There os no amount of testing that can fix a flawed design
Consider the the following: Unit, Integration, System, UAT, Smoke, Sanity, Regression, API Testing, Performance, Load, Stress, Soak, Scalability, Reliability, Recovery, Volume Testing, White Box Testing, Mutation Testing, SAST, Code Coverage, Control Flow, Penetration Testing, Vulnerability Scanning, DAST, Compliance (GDPR/HIPAA), Usability, Accessibility (a11y), Localization (L10n), Internationalization (i18n), A/B Testing, Chaos Engineering, Fault Injection, Disaster Recovery, Negative Testing, Fuzzing, Monkey Testing, Ad-hoc, Guerilla Testing, Error Guessing, Snapshot Testing, Pixel-Perfect Testing, Compatibility Testing, Canary Testing, Installation Testing, Alpha/Beta Testing...
...and I'm certain I've missed dozens of other test approaches.

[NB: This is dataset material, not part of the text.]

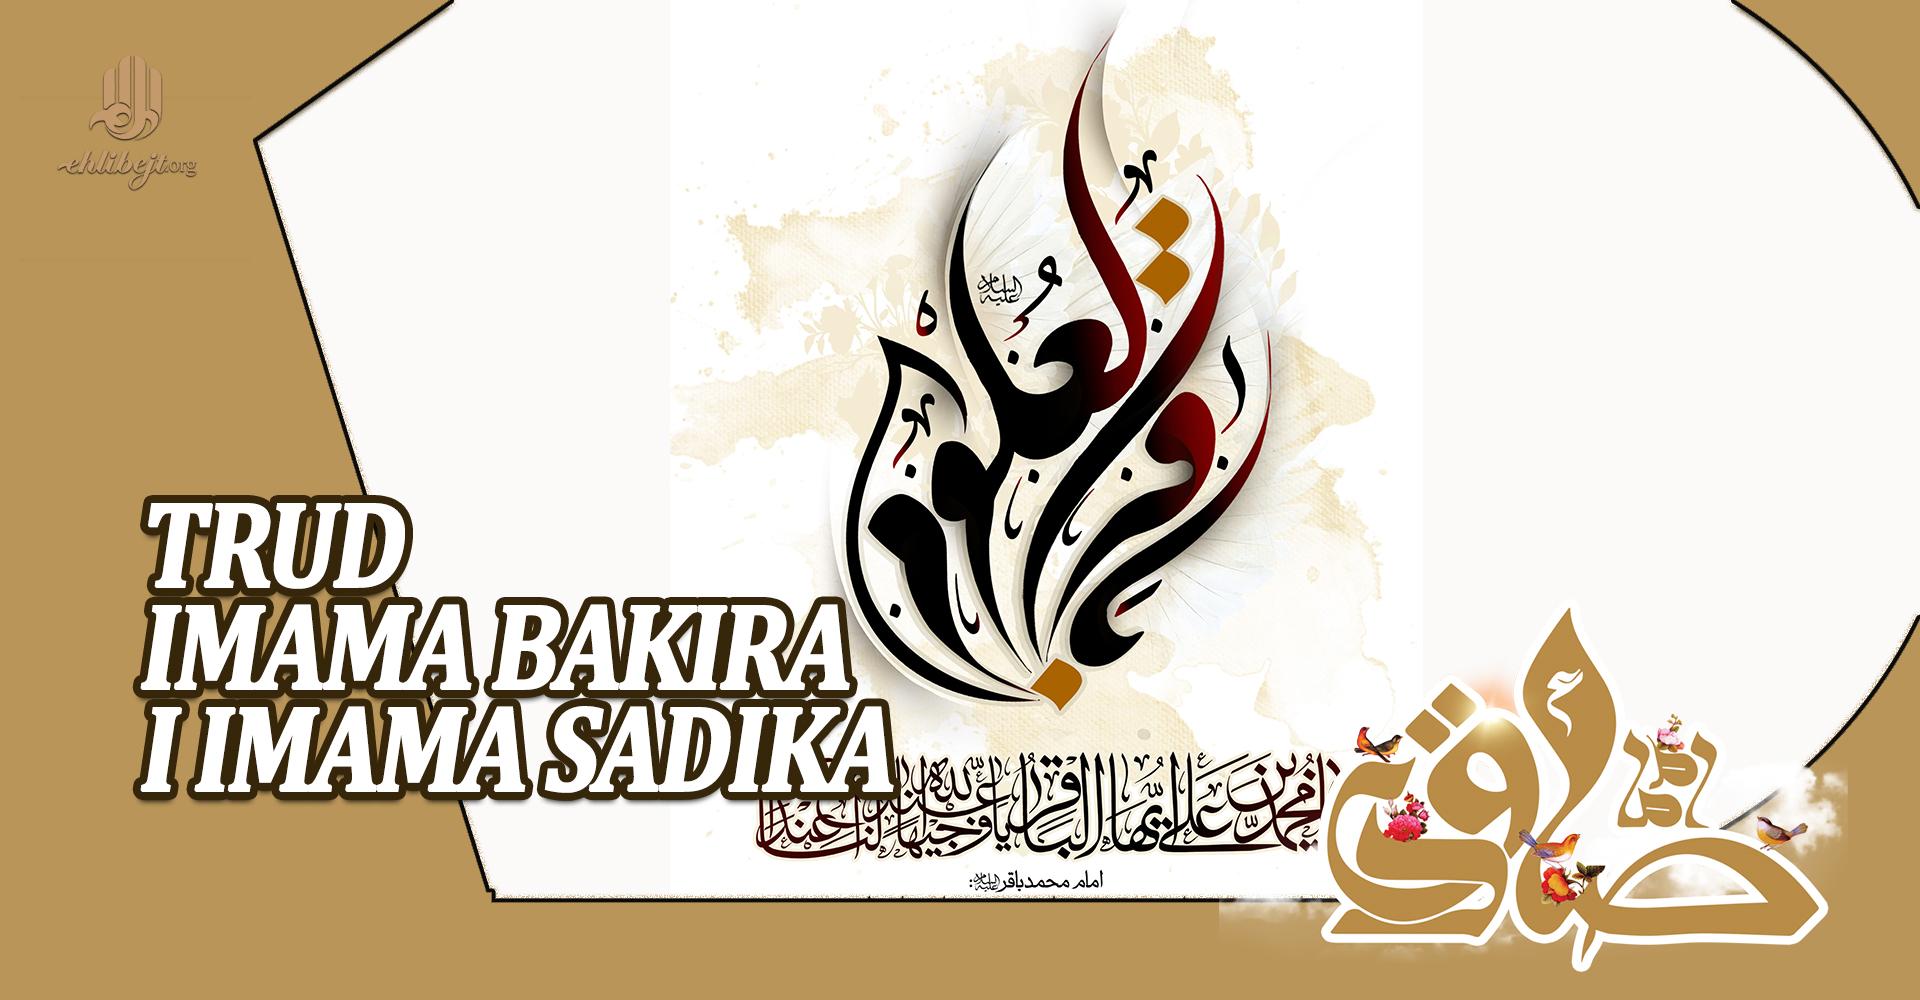 Trud Imama Bakira i Imama Sadika, a.s.

Everyone thinks LLMs are good at the things they are bad at. In many cases they are still just giving “plausible” code that you don’t have the experience to accurately judge.
I have a lot of frontend app dev experience. Even modern tools (Claude w/Opus 4.6 and a decent Claude.md) will slip in unmaintainable slop in frontend changes. I catch cases multiple times a day in code review.
Not contradicting your broader point. Indeed, I think if you’ve spent years working on any topic, you quickly realize Claude needs human guidance for production quality code in that domain.
There’s also a big disconnect in terms of SDLC/workflow in some places. If we take at face value that writing code is now 10x faster, what about the other parts of the SDLC? Is your testing/PR process ready for 10x the velocity or is it going to fall apart?
What % of your SDLC was actually writing code? Maybe time to market is now ~18% faster because coding was previously 20% of the duration.
Absolutely. Tight feedback loops are essential to coding agents and you can’t run pipelines locally.
So instead of the 10x coder doing it, the 1x coder does it, but then that factor of 3x becomes 0.3x.
A lot of people are OCD pedants about stuff that can be solved with a linter (but can’t be bothered to implement one) or just “LGTM” everything. Neither provide value or feedback to help develop other devs.
This many be one of the best quotes on HN in a while.
For me it is far more than 10x, but I consider noobs by saying 10x instead of 20x or more.